━━━ Input data

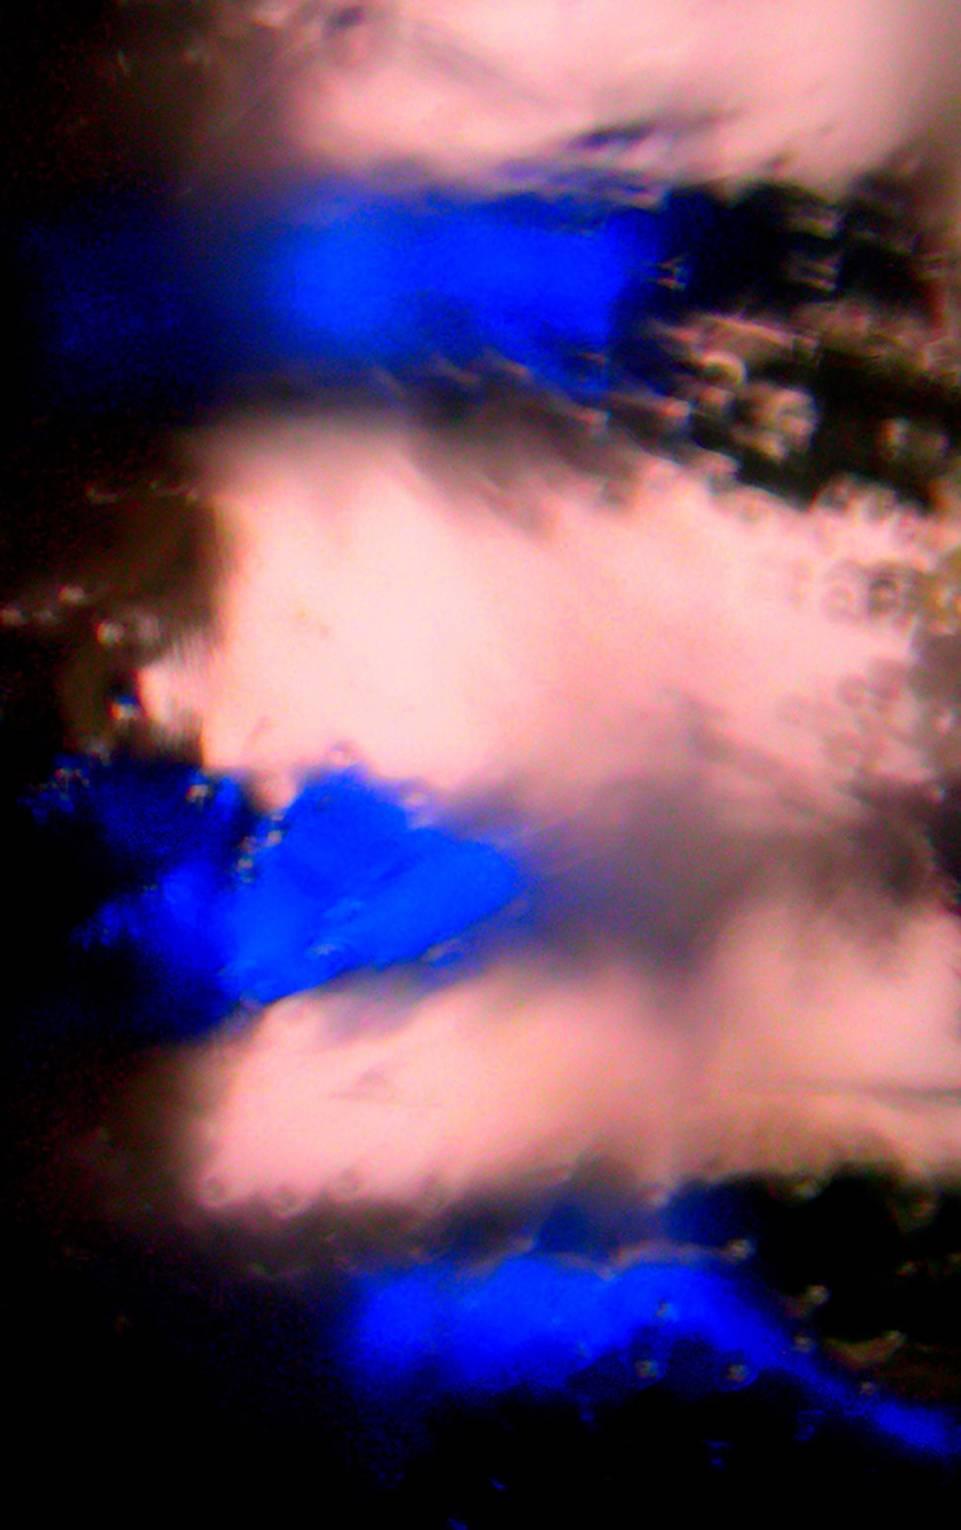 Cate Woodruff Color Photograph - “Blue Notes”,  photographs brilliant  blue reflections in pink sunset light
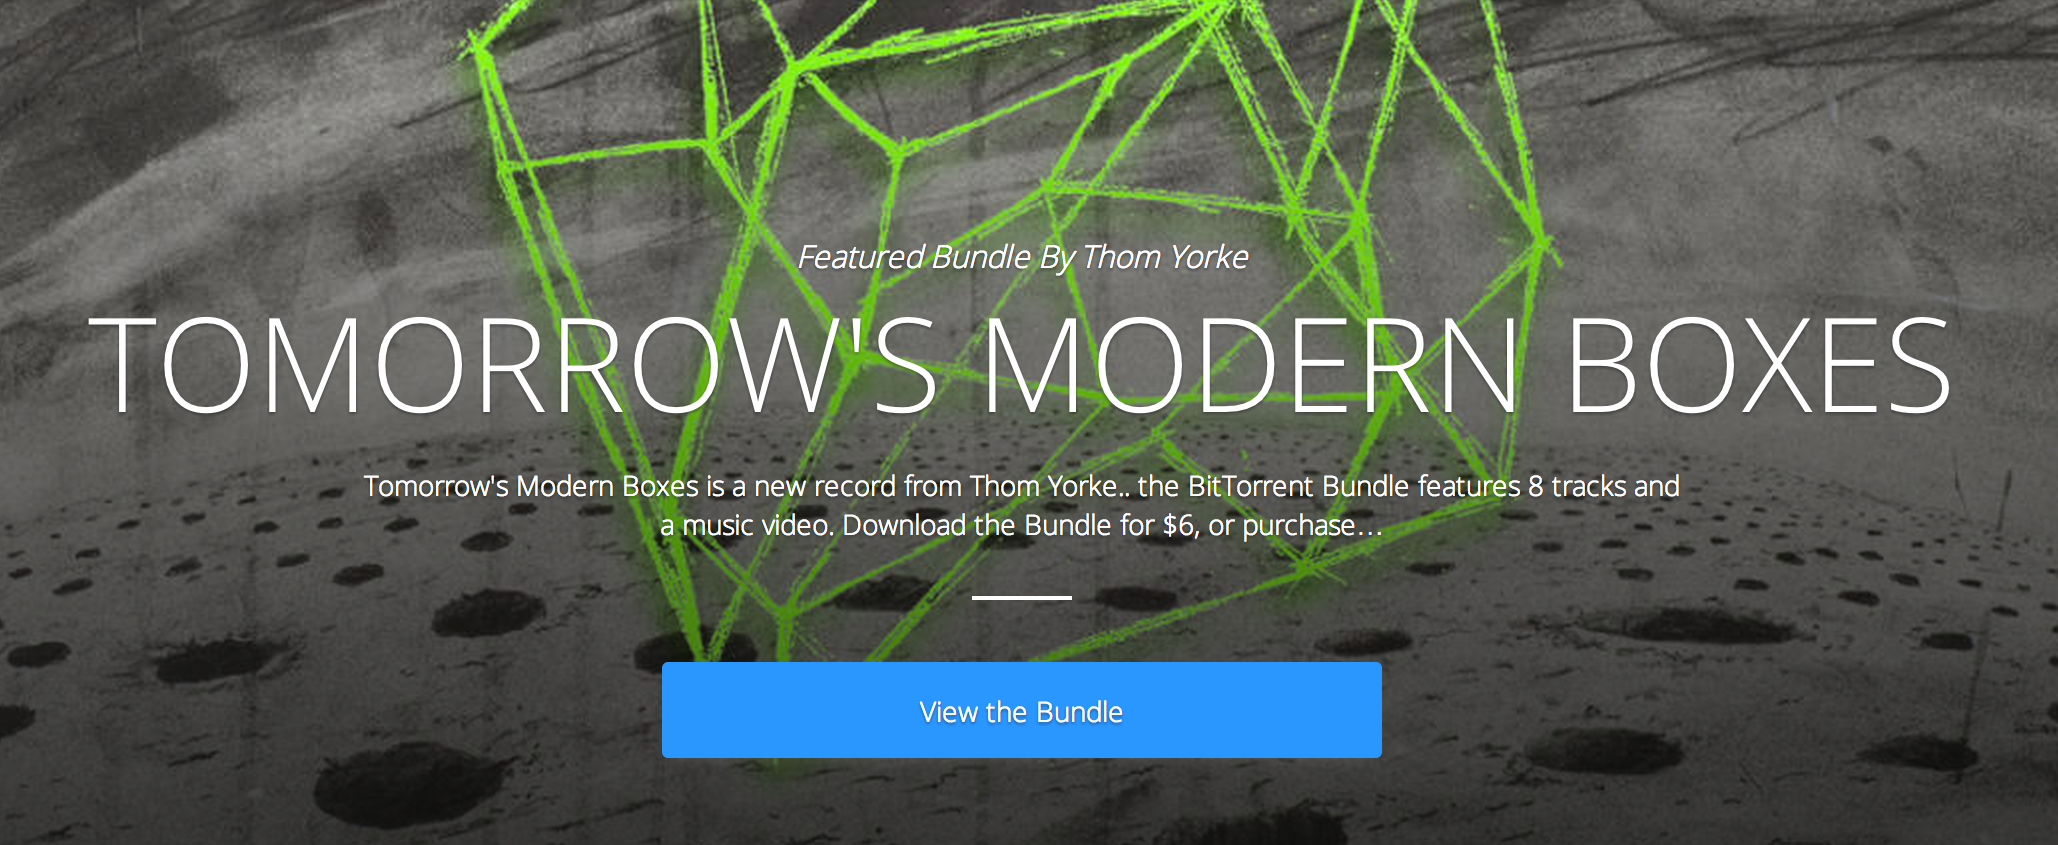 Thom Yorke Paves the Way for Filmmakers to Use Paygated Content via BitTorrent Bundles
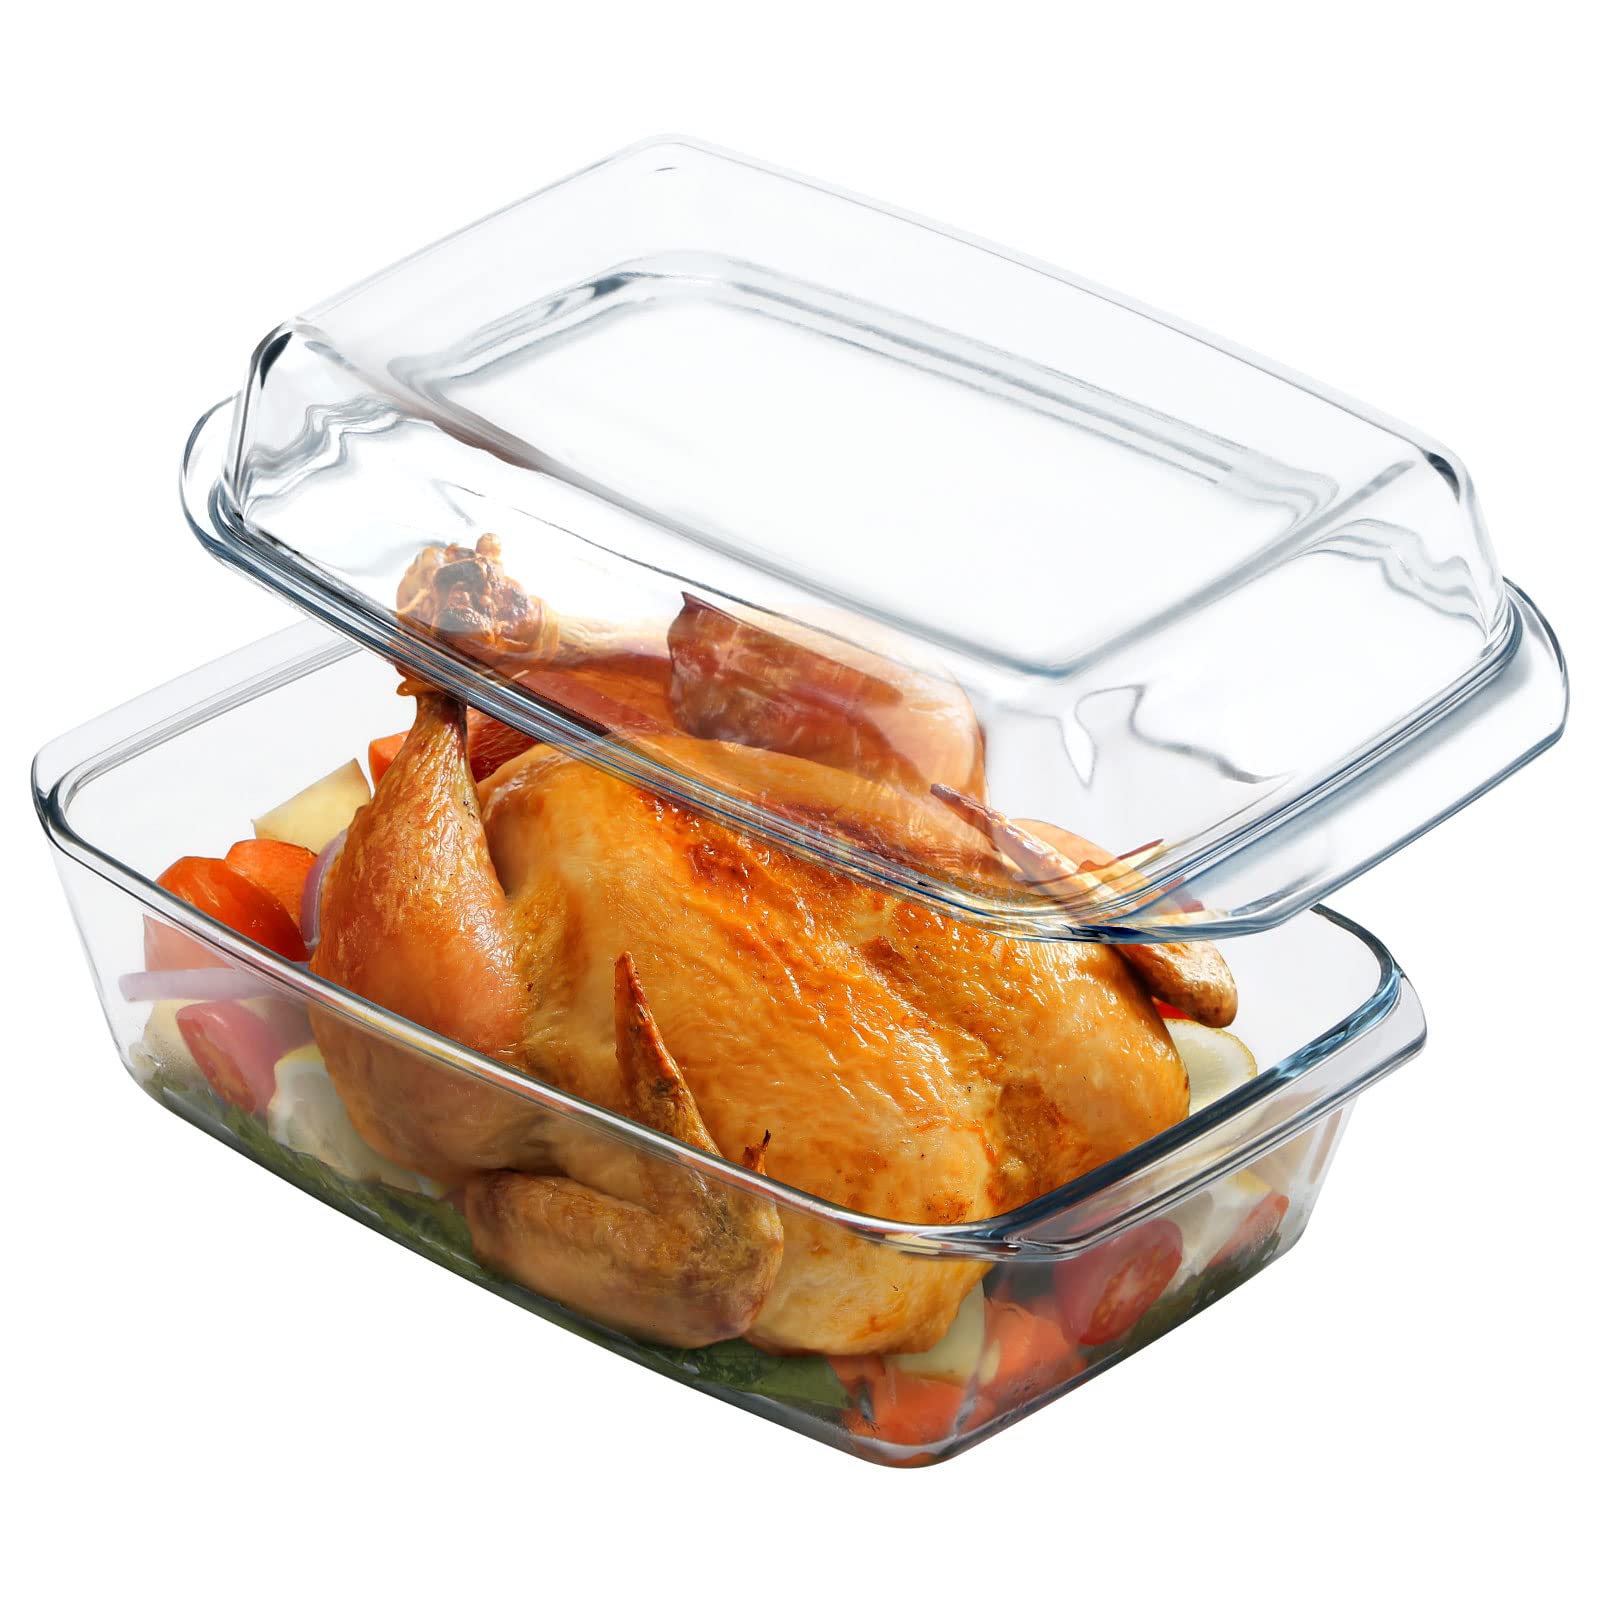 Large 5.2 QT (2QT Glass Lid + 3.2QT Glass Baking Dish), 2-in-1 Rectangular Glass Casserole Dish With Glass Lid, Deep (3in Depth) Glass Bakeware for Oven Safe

━━━━━━

• [What you should do]: Quote precisely the lines of the data from the line containing "Thom Yorke Paves" through its final line, both included, excluding pictures.

• [Result]:
 Thom Yorke Paves the Way for Filmmakers to Use Paygated Content via BitTorrent Bundles
 Large 5.2 QT (2QT Glass Lid + 3.2QT Glass Baking Dish), 2-in-1 Rectangular Glass Casserole Dish With Glass Lid, Deep (3in Depth) Glass Bakeware for Oven Safe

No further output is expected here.